**Work to complete**. No pictures belong in the copy. Retype exactly, and only, the stretch of lines below from the one with "tomatoes, nachtschattengewächs, tomatenrispe, tomato" through the one with "Primary image for".

**Dataset extract**.
※
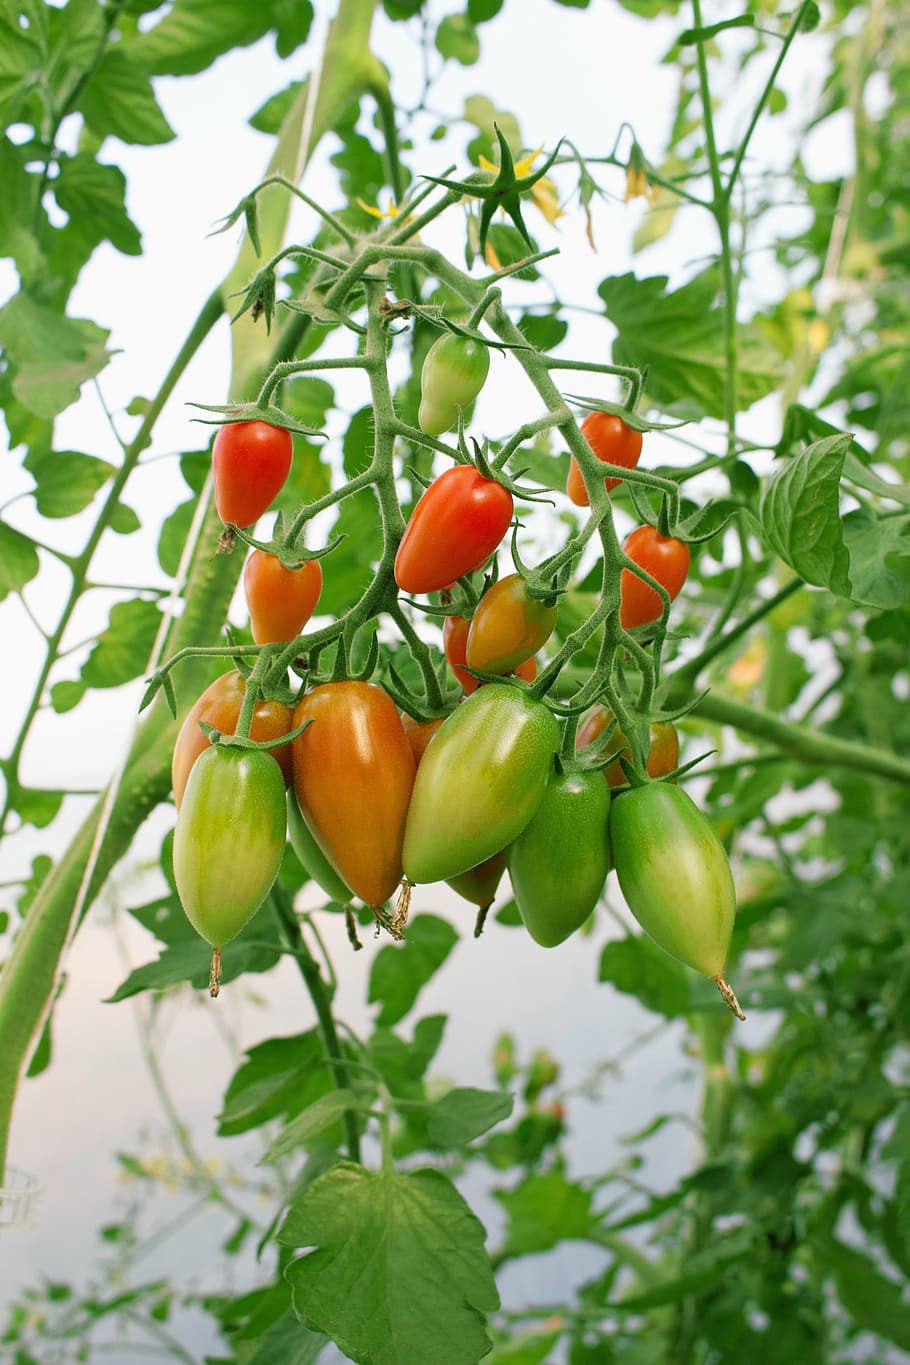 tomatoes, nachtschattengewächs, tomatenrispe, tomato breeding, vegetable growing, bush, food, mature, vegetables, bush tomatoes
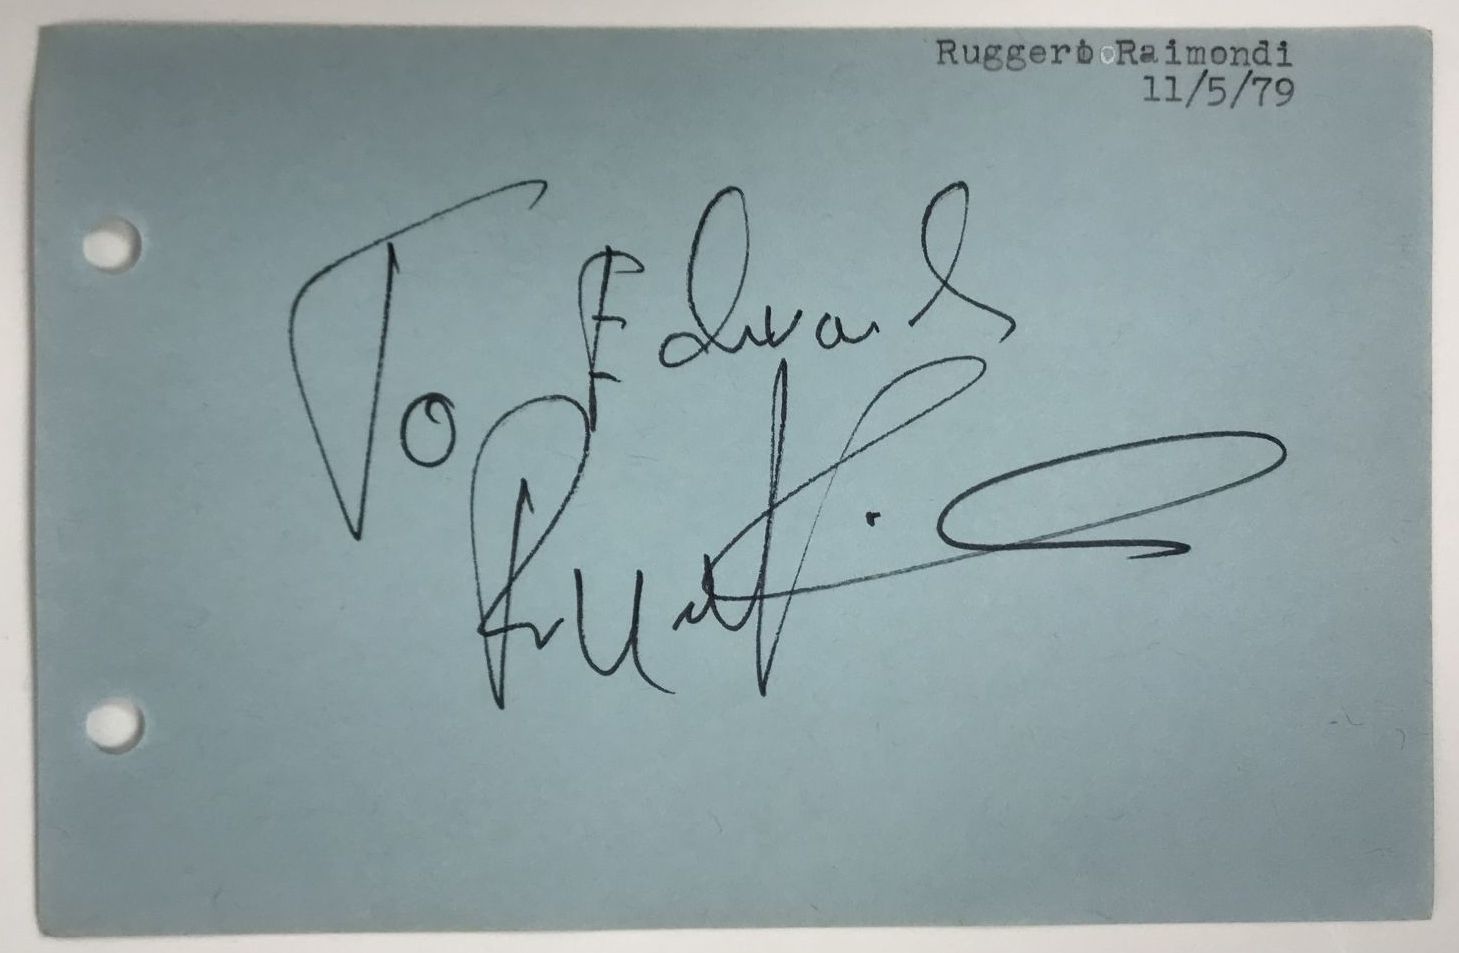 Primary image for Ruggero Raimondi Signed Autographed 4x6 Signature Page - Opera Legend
※
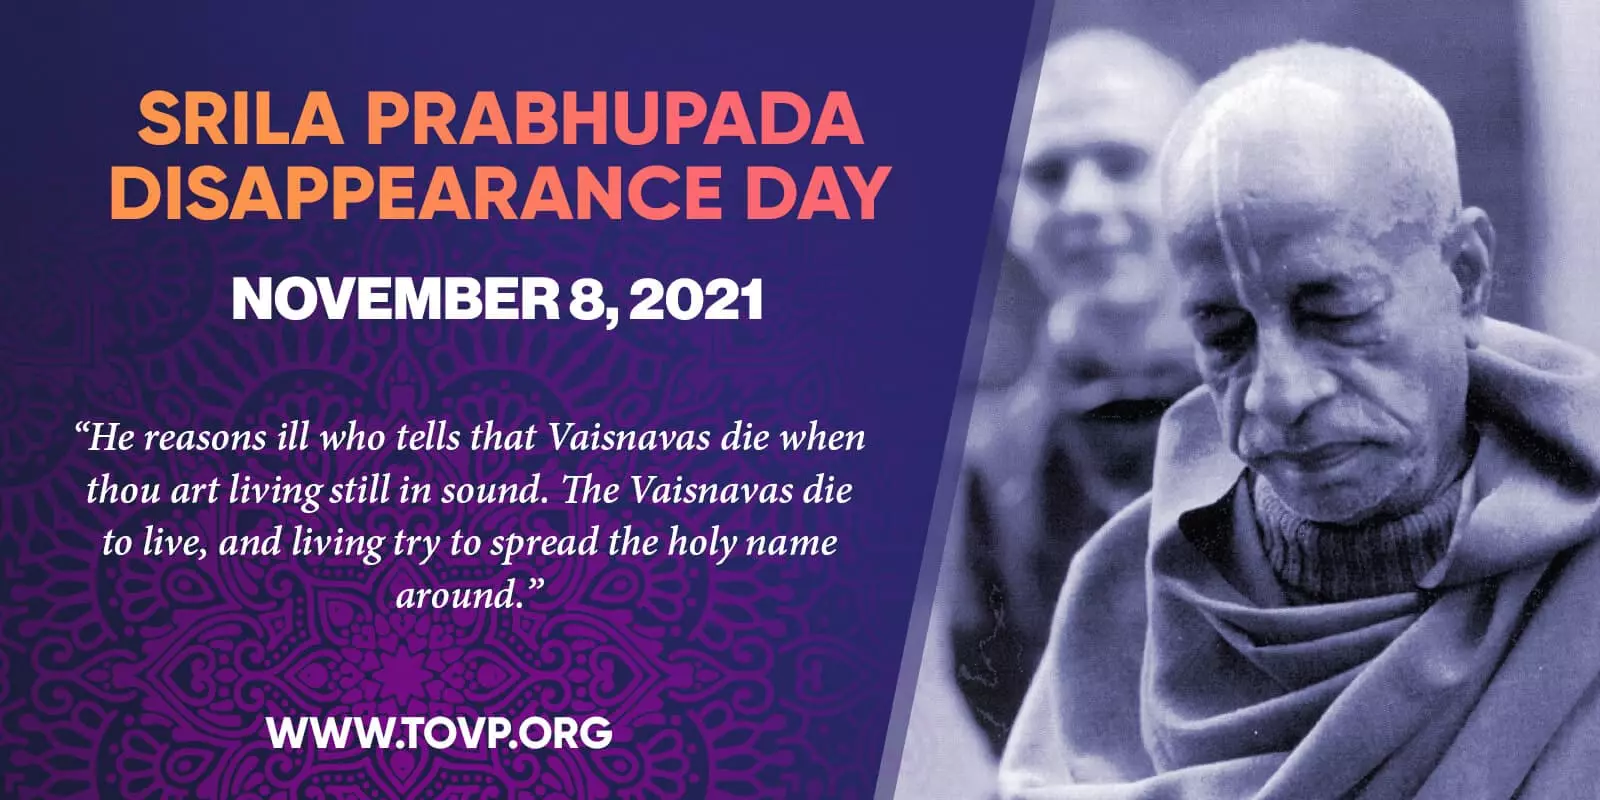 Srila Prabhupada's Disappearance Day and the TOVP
※
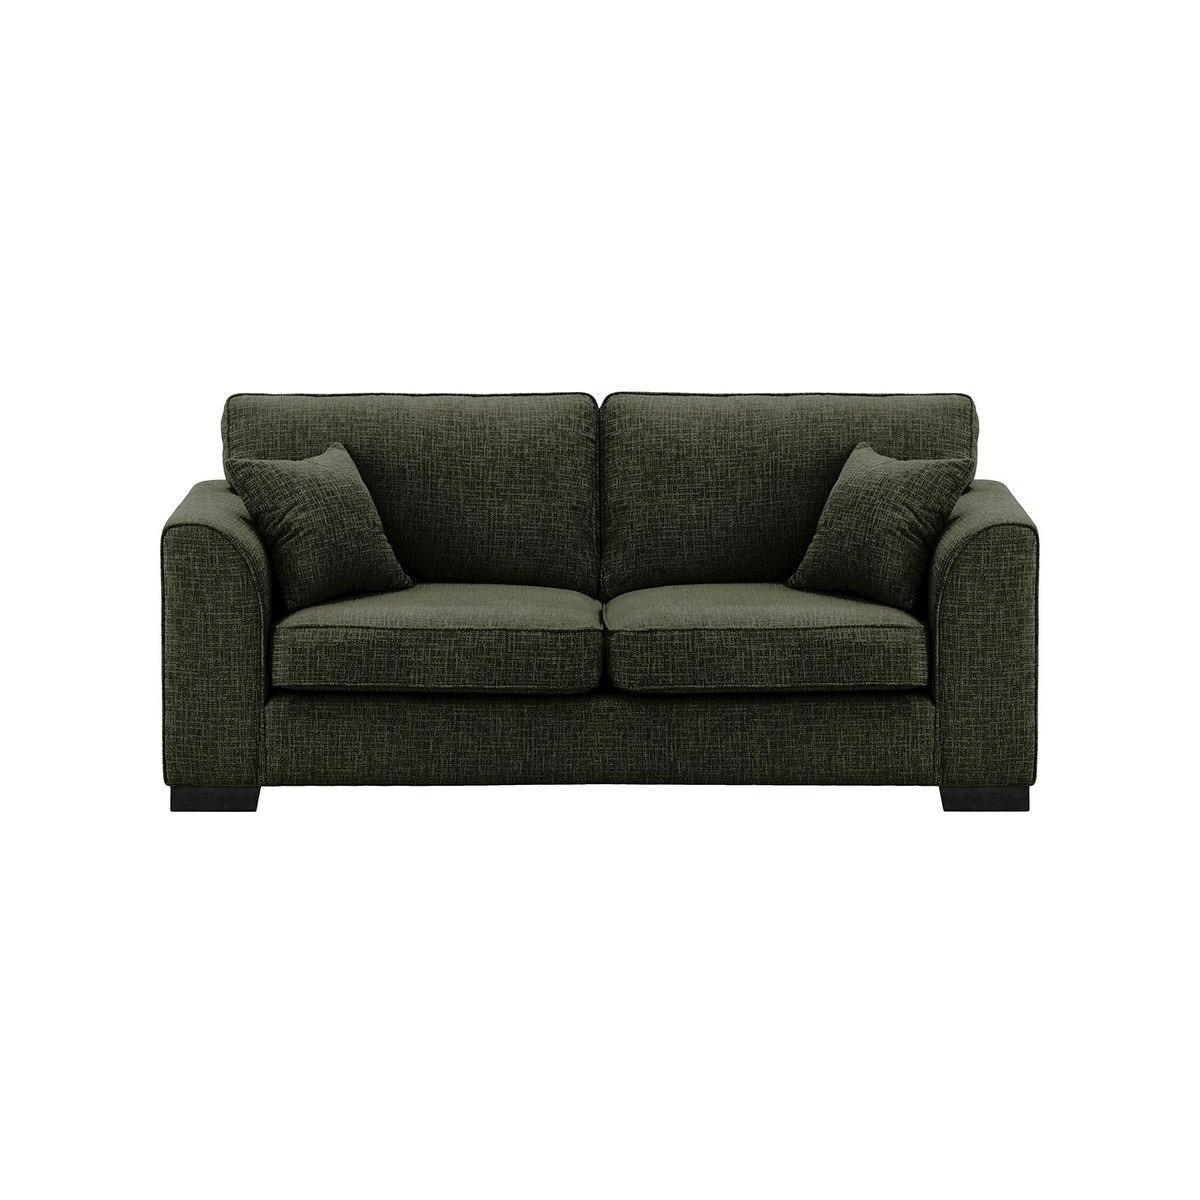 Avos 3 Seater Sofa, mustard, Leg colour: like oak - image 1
※
**Exercise result**.
 tomatoes, nachtschattengewächs, tomatenrispe, tomato breeding, vegetable growing, bush, food, mature, vegetables, bush tomatoes
 Primary image for Ruggero Raimondi Signed Autographed 4x6 Signature Page - Opera Legend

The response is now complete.